Decision on using persistent cookies coming soon, Fed CIO says

OMB could make a decision by next month on whether federal agencies can use persistent cookies on their Web sites.

The Office of Management and Budget's Office of Information and Regulatory Affairs could make a decision by next month on whether federal agencies can use persistent cookies on their Web sites, an issue that has drawn criticism amid concerns of privacy.

“One of the biggest issues we are going to confront as a society is digital privacy and we want to make sure that we are doing so in a responsible way and not making any rash decisions,” Vivek Kundra, federal chief information officer, told a gathering of government Web managers on April 27.

Responding to a Web manager’s question — that drew huge applause from the audience — about the timeframe for giving agencies permission to use persistent cookies, Kundra said it has taken longer than anticipated to make a decision because the federal government wants to make sure that people’s privacy is protected.

“We are not a year away, but we are literally a month or so away” from making a decision, Kundra said.


Full remarks by Federal CIO Vivek Kundra at Brookings on cloud computing


Persistent cookies let Web sites store certain information about visitors so the site can remember things about them, such as tracking preferences and items purchased or stored in shopping carts.

Last year in a White House blog, Michael Fitzpatrick, associate administrator of that OMB office, said the government was re-examining the prohibition of the use of persistent cookies as part of the Open Government Initiative. He cited changes in Internet technology prompting a need for re-evaluation of the policy. Amid privacy concerns, the government sought feedback through a two-week public comment period.

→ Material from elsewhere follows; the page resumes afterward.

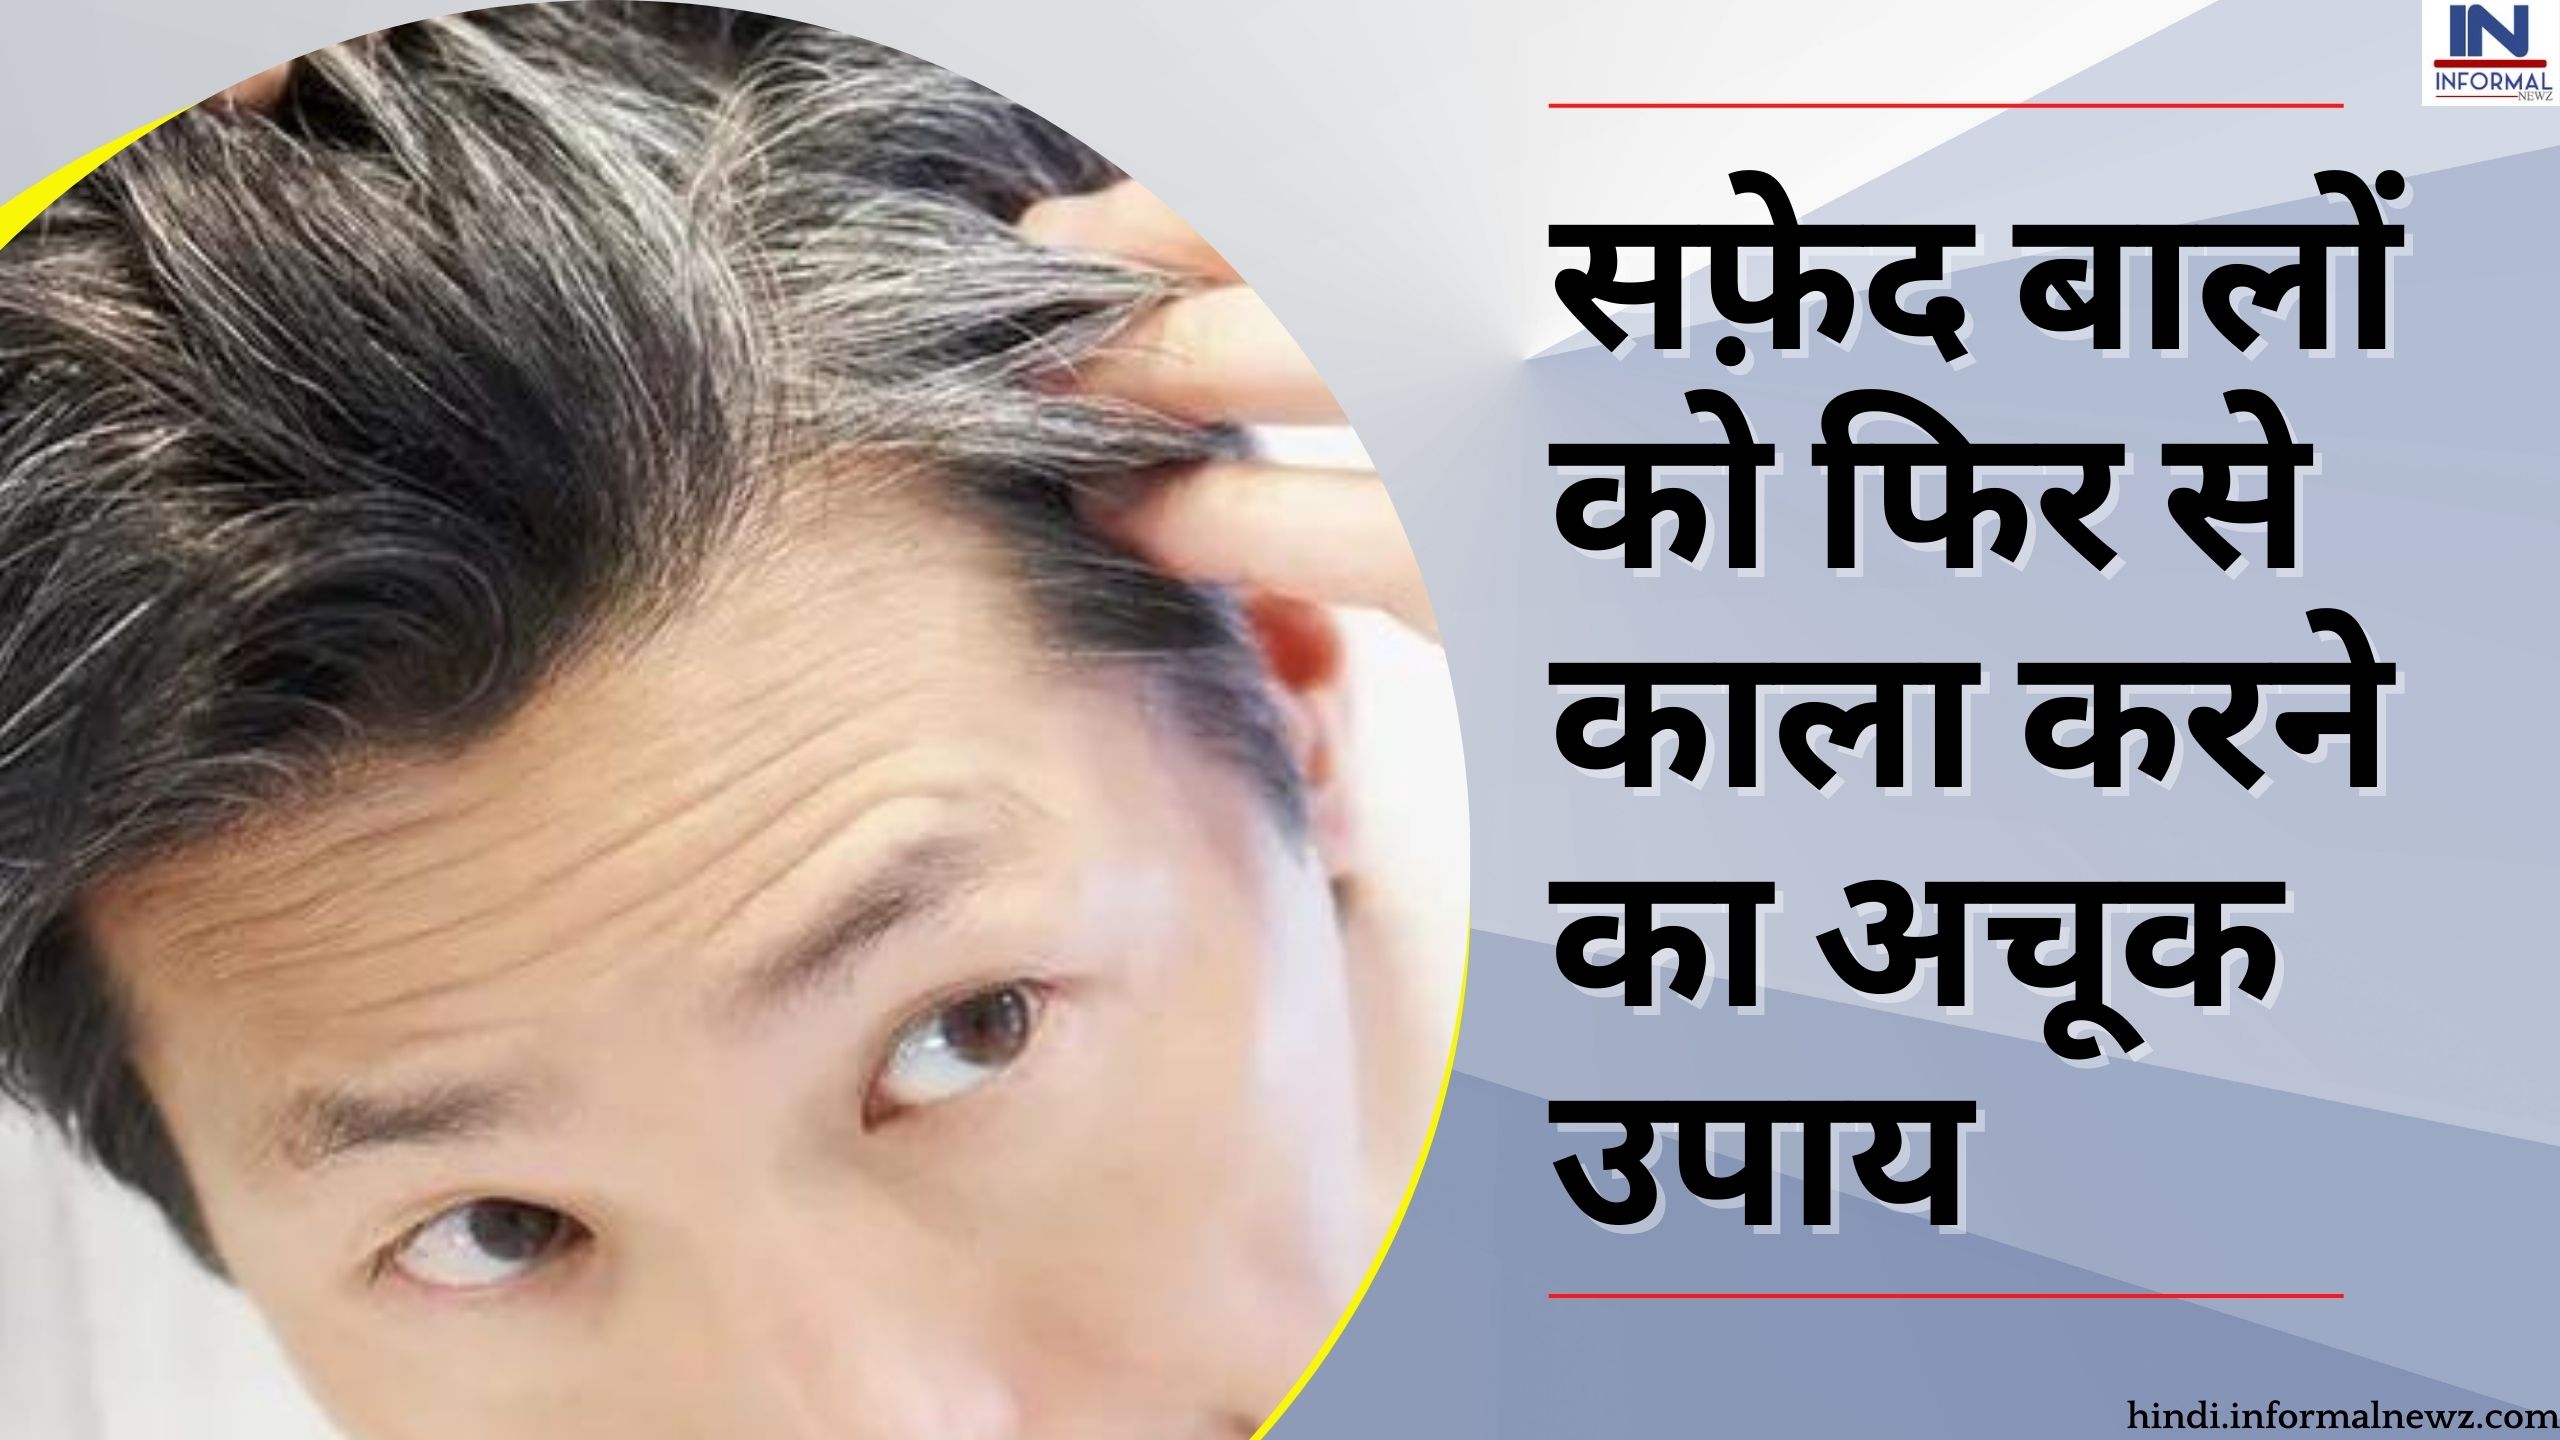 White Hair Home Remedies: सफ़ेद बालों को फिर से काला करने का अचूक उपाय,  अपनाइये ये घरेलू नुख्सा हो जायेगा समस्या का समाधान - हिन्दी समाचार, Hindi  breaking news ...
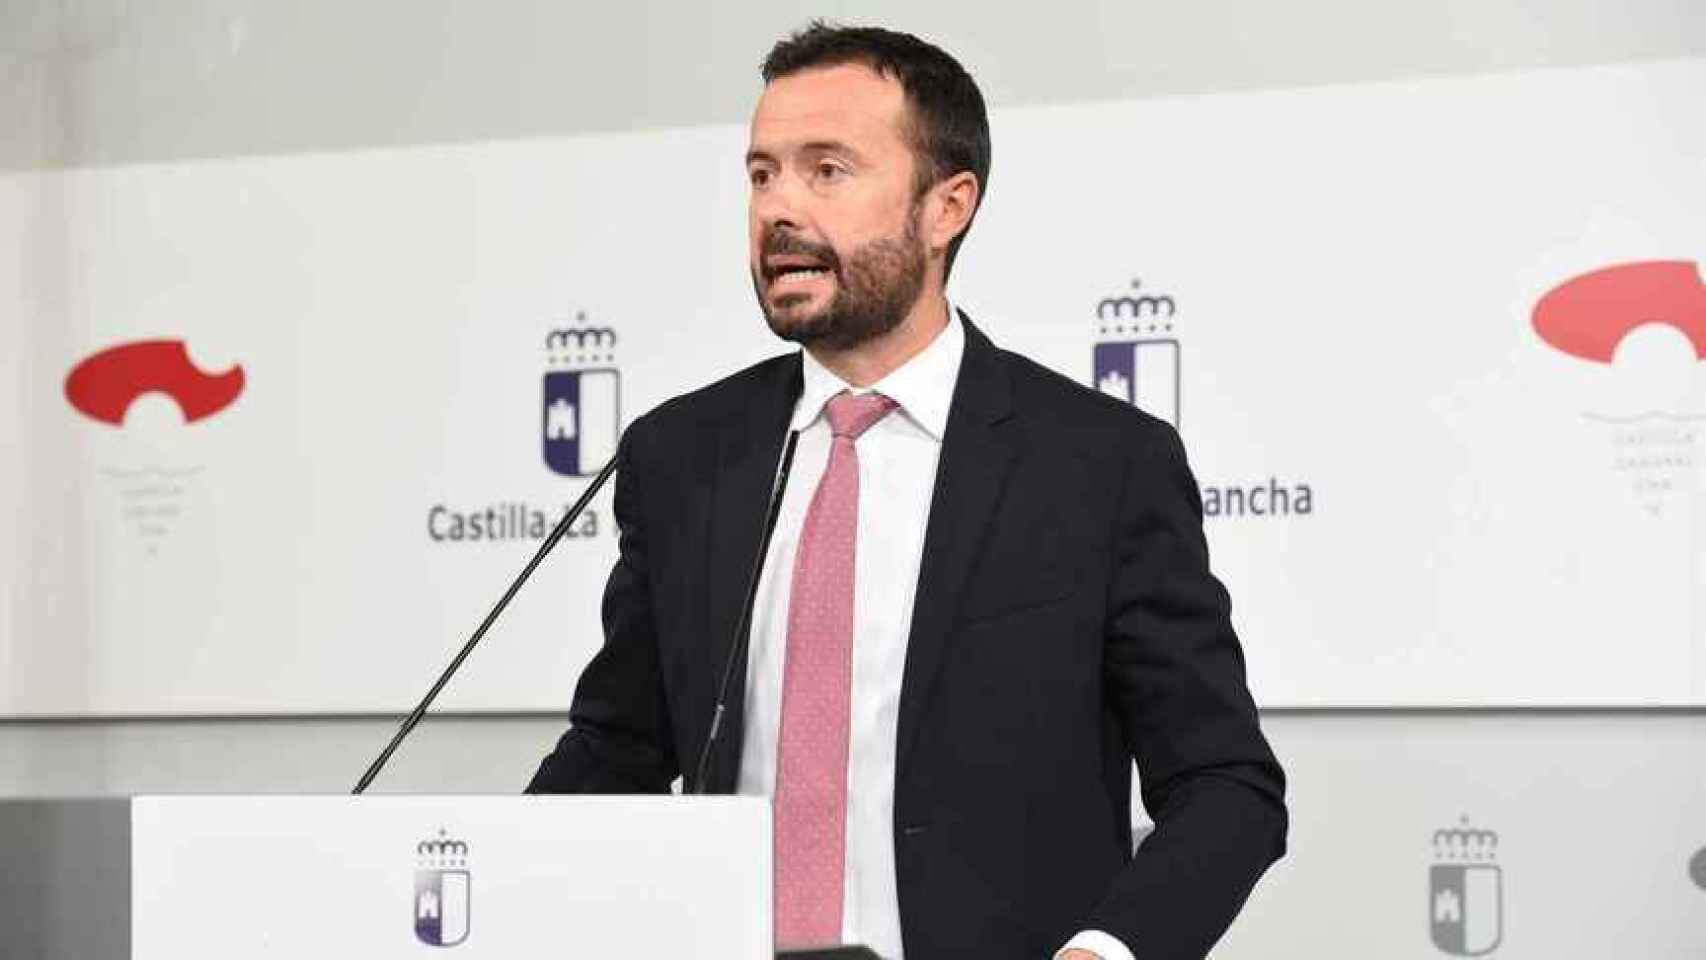 José Luis Escudero, consejero de Desarrollo Sostenible de Castilla-La Mancha

Kundra spoke on a panel during a morning session at the 2010 Government Web and New Media Conference in Washington sponsored by the General Services Administration. Joining Kundra on the panel titled “Open Government — Making it Real,” were David McClure, associate administrator of the General Services Administration's Office of Citizen Services and Macon Phillips, special assistant to the president and director of new media at the White House.

“Open Government is not an abstract notion,” Kundra told the Web managers. “It leads to better performance and innovation and allows the American people to not be passive, but actually engage in the democratic process.”

Kundra noted how shining the spotlight on agency IT investments via the Federal IT Dashboard on usaspending.gov has reduced waste and duplication and improved IT performance.

“What is really interesting is a lot of tips we are getting [about wasteful IT projects] are not coming from the government,” Kundra said. “We’re getting them from the American people through feedback.”

For example, an individual might say it doesn’t make sense that you are spending a $1 billion on this IT project when it seems like you should have done it for one-tenth of the price, he said.

Responding to a question about how agencies should deal with the growing volume of data that they now have to make public to avoid “data-clutter, the White House’s Phillips said there is a difference between data and content.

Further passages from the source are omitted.